Thank you! I've told the vet he has diarrhea again - and once called about there being mucus - I do see mucus on occasion. His only suggestion was Royal Canin. I think I will ask him to test for some intestinal problems.. or considering trying another vet ... to do other tests.


----------



## Lixx (Dec 3, 2007)

The RC gastro puppy works quite well. I know this forum seems to be anti-veterinary diets for the most part, but I would give it a go. This food's been a while in the making and I've seen good results from it. 

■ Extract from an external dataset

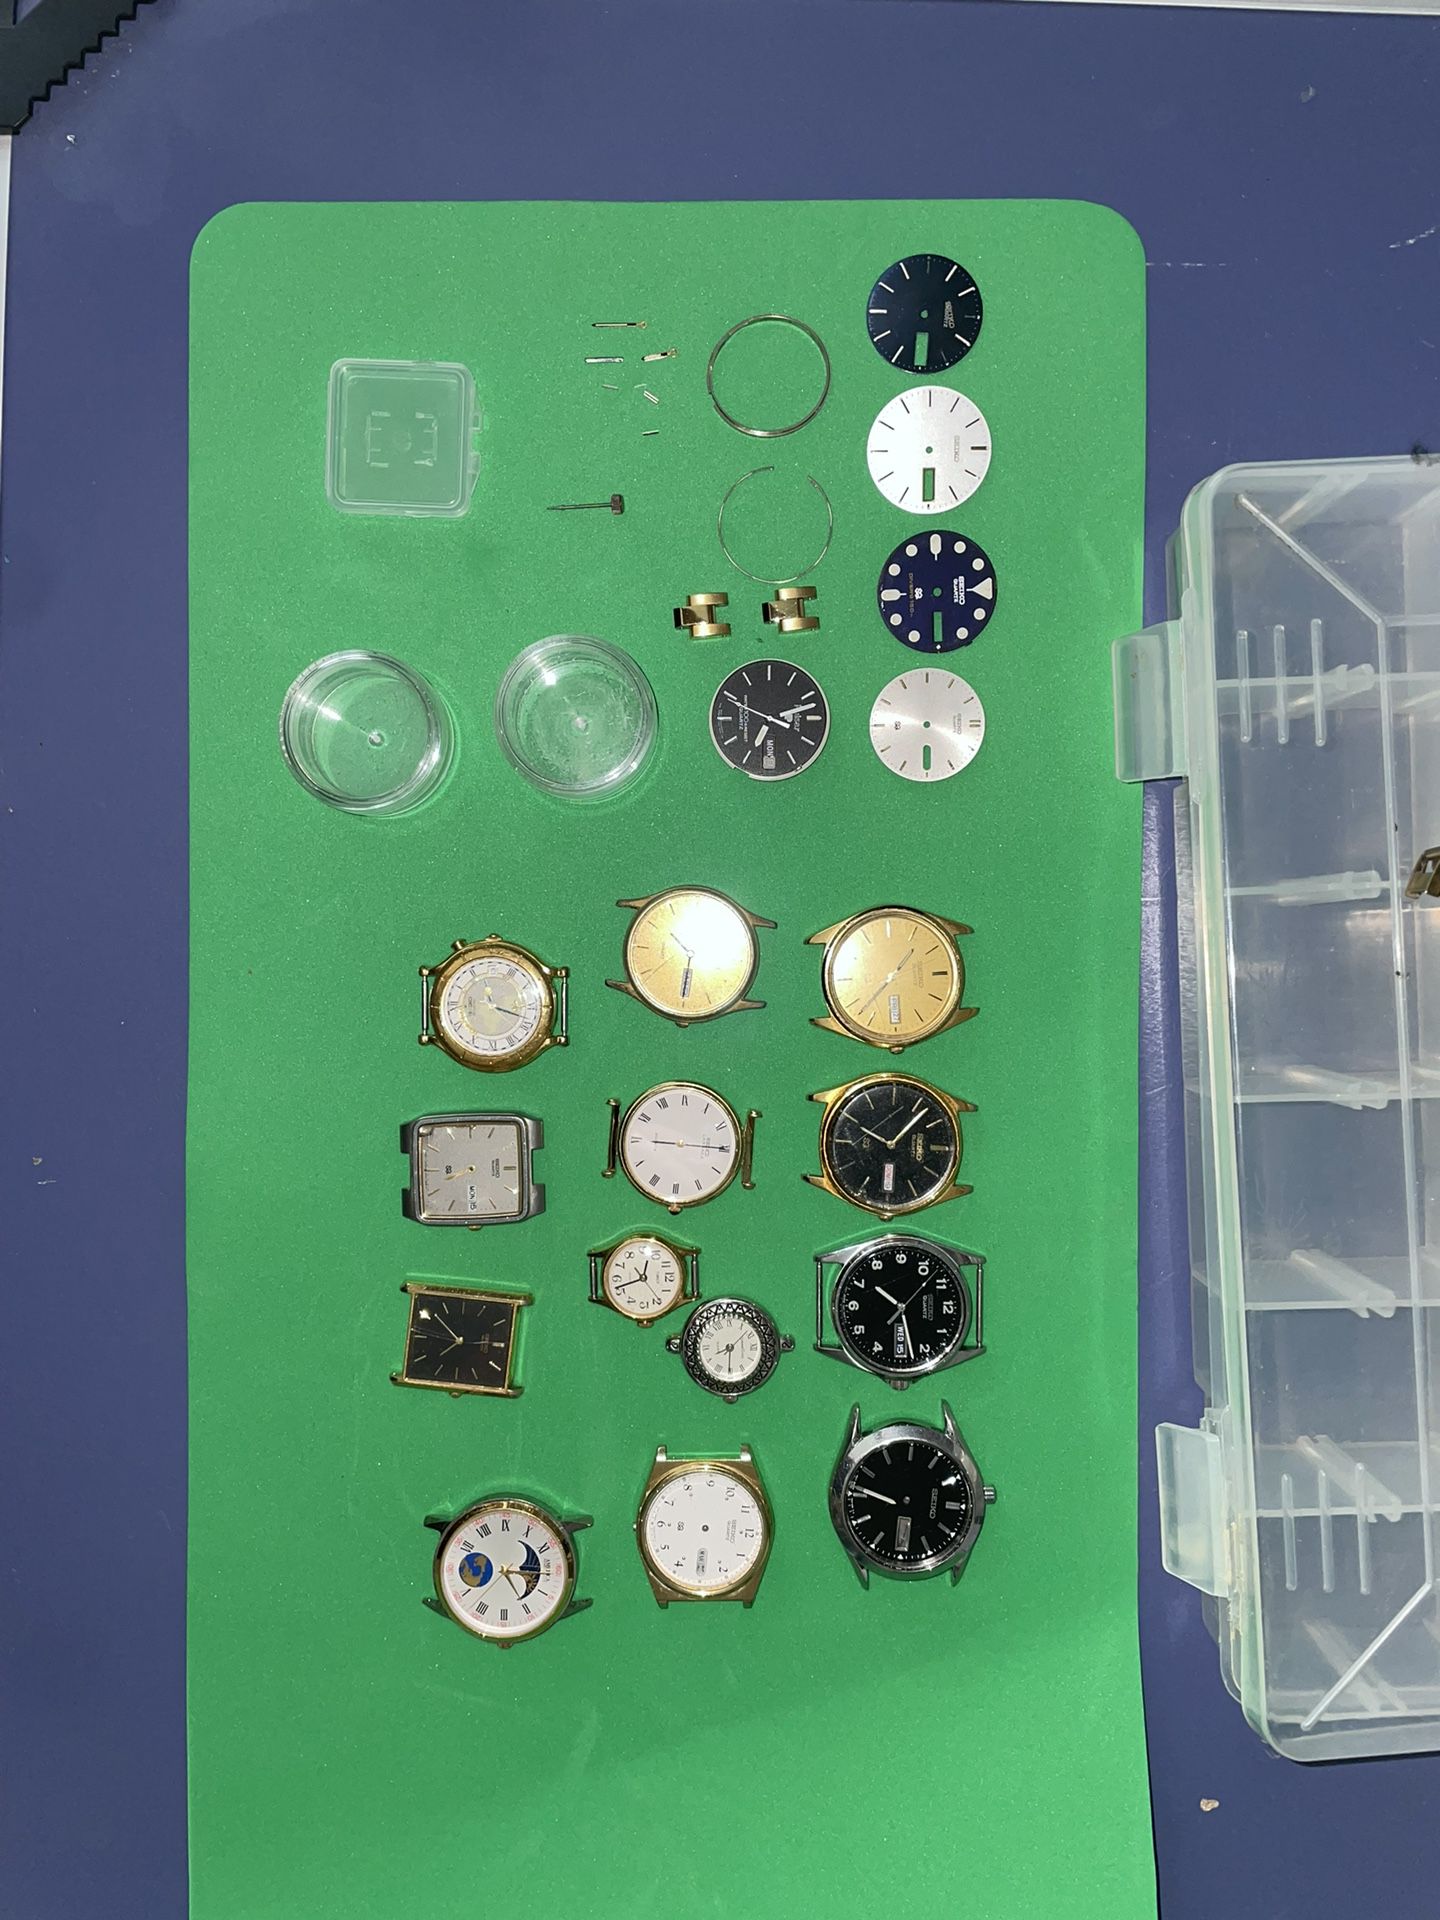 Watch Parts For Sale - Seiko, Pulsar, Timex

Gastro Intestinal Puppy Dry / Veterinary Exclusive Dog Diets / Veterinary Exclusive Diets / Home - RoyalCanin


----------



## Gilly1331 (Apr 16, 2011)

We tried everything with Zeus when we got him. From 7 months up until about 13/14 months we tried all sorts of dry foods, powders, canned foods, he was wormed like 5000 times, had his fecals tests, skin tests, hair tests, allergy tested etc. He was aweful, dull coat, never had a solid poop, smelled rancid, super skinny despite getting 8 cups a day, had all his shots, had skin allergies with sores, leathery/scaley skin.

We switched to raw and everything went away. It was literally like magic. He is super healthy and has nice solid non-smelling poops, skin went back to normal and is dull coat shed out to a nice soft shiney coat. His digestion problems all went away. I also add digestive and plant enzymes to his meals every few days.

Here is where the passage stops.